布袋尊は家に置く風水グッズとしても人気です。布袋尊を祀っている神社やお寺にお参りに行くのもいいですが、中国では財運を高めるために自宅に設置するそうです。常にご利益を感じたいという方は、布袋尊を自宅に招いてみてはいかがでしょうか。

布袋尊の祀り方

布袋尊を自宅に祀る場合には、家の顔となる玄関か、家の中心部分である床の間やリビングに置くのが一般的です。

玄関に置くと、災いが入ってくるのを防いでくれるという効果もあります。金運や財運をより強く招きたい方は、金庫やなどお金にまつわる場所に置くのがいいでしょう。

また、金色で出来ている布袋尊を祀るときには西の方位に置くとより効果的だといわれています。上記の場所で西の方角を向くように置いてあげると、よりご利益を得ることができるそうです。

布袋尊を祀るときの注意

布袋尊を祀るときには、先述した祀り方を守るだけでなく、他にも注意すべき点があります。

布袋尊を置くのは高い場所にし、清潔を保ちましょう。ほこりが溜まっていたり、汚れがあったりする場所では、ご利益を感じることができないかもしれません。定期的な掃除を心掛けて、常にきれいな状態を保つようにしてください。
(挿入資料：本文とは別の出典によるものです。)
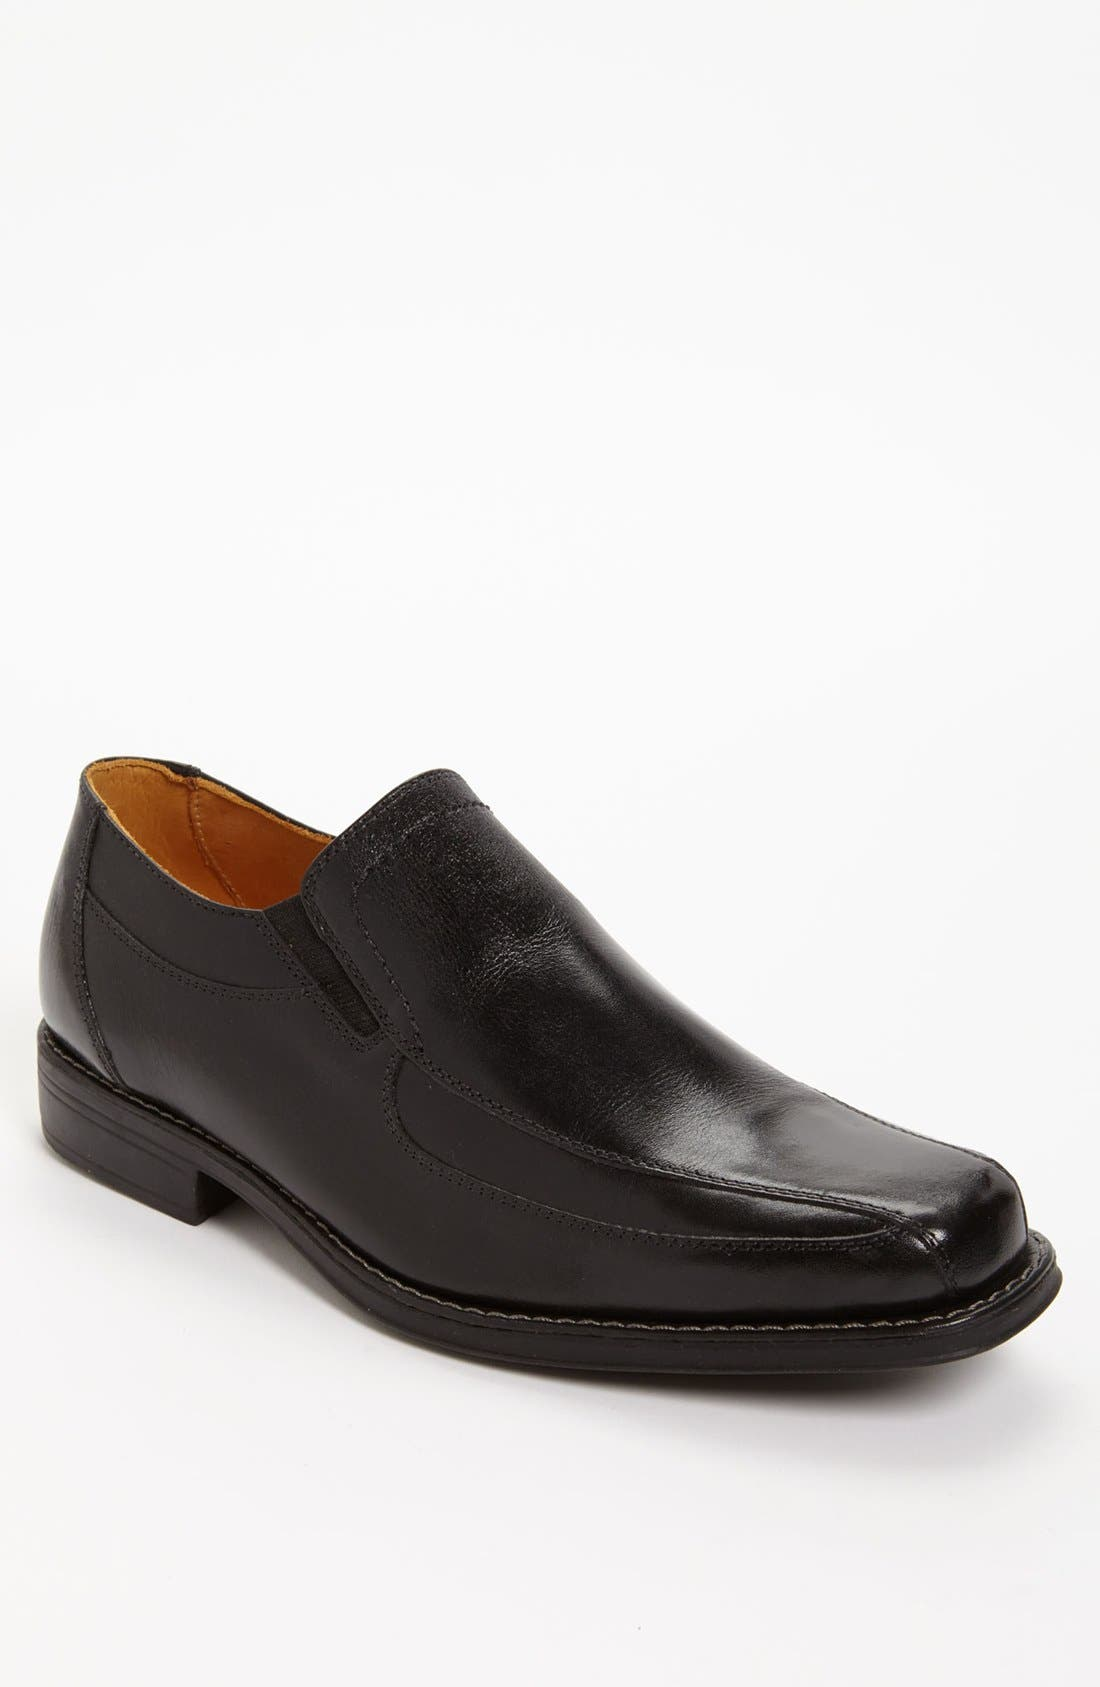 'Berwyn' Venetian Loafer,                         Main,                         color, BLACK
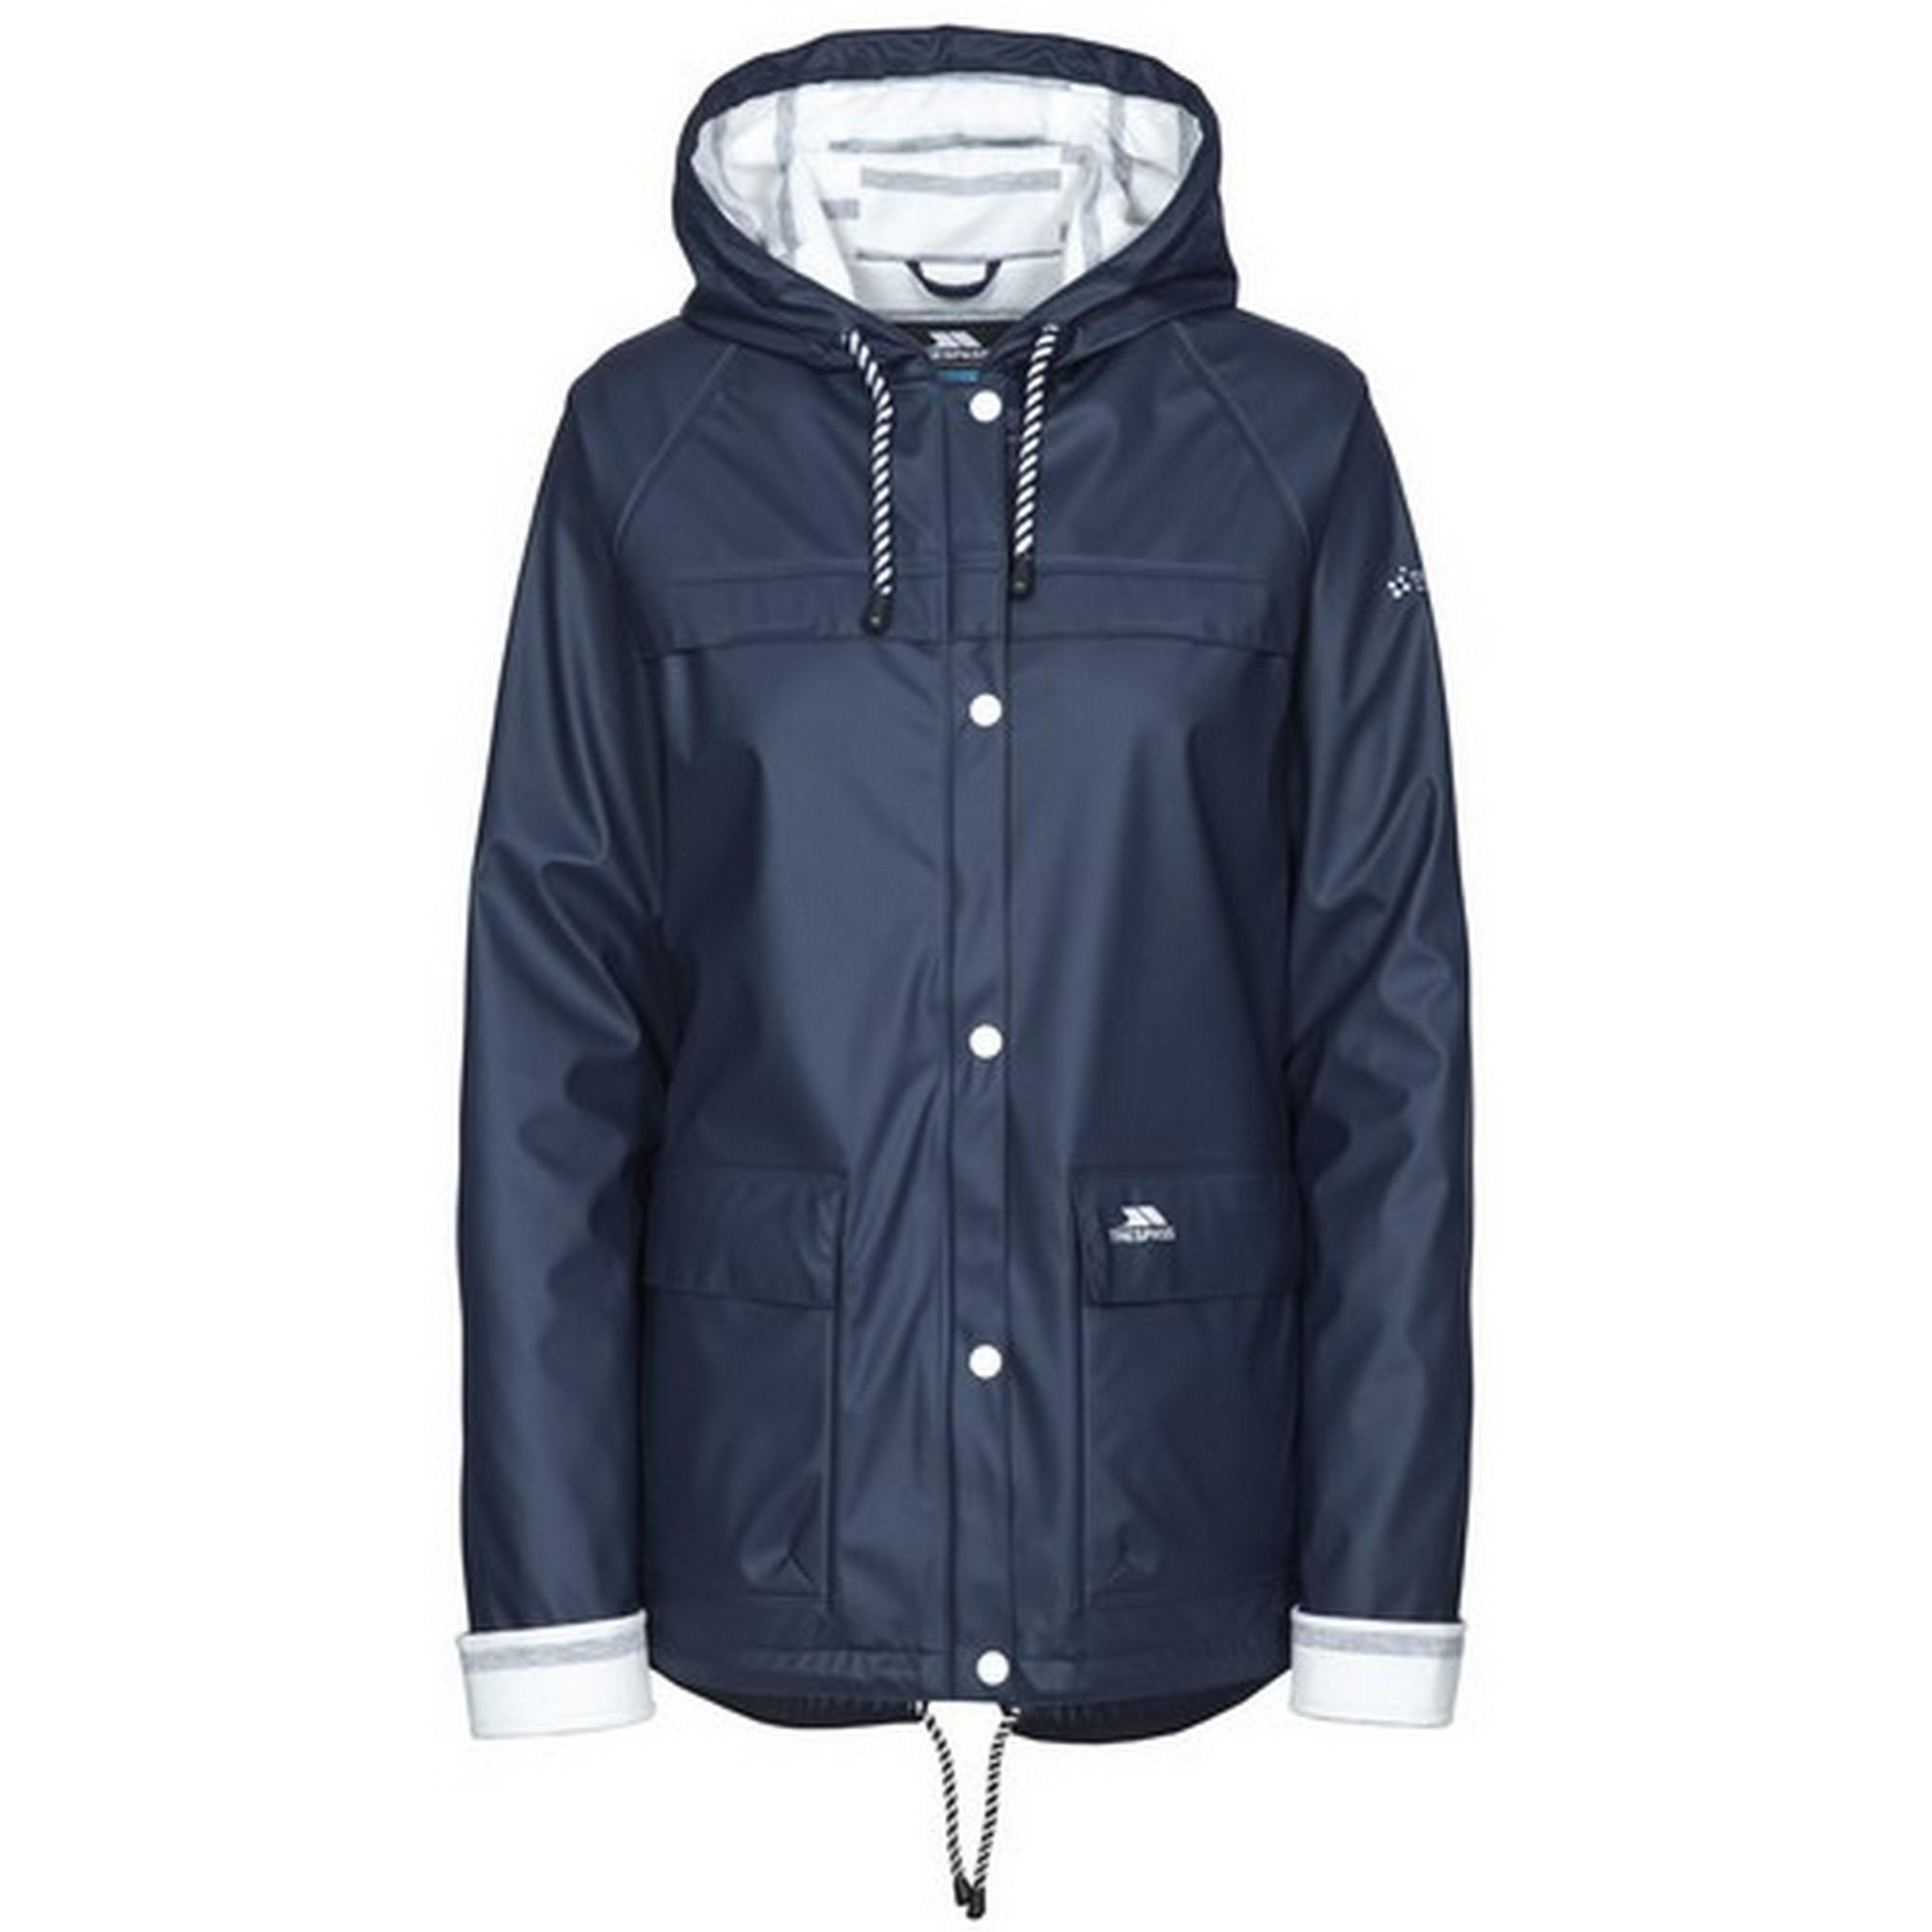 Trespass-Womens-Ladies-Muddle-Waterproof-Jacket-TP3991 thumbnail 7

また、布袋尊を置いたらそのままにせず、常に感謝を忘れないようにしましょう。玄関に置いてあるのであれば、出入りする時に感謝を伝えたり、挨拶をしたりするなどそのまま放置……といったことないように気を付けてください。

  • 財運を招くなら家に布袋尊を置くのがおすすめ

    布袋尊に感謝を忘れないようにしましょう

ご利益の多い布袋尊について知ろう

金運を引き寄せてくれるだけでなく、夫婦円満や災いを防いでくれるご利益のある布袋尊は、見た目の可愛らしさからも人気のある神様です。七福神の1人として知られており、お正月には七福神巡りでお参りをする方も多いことでしょう。

幸運を呼び込みたいのであれば、風水的にも効果があるとされている布袋尊の置物を自宅に置いてみてはいかがでしょうか。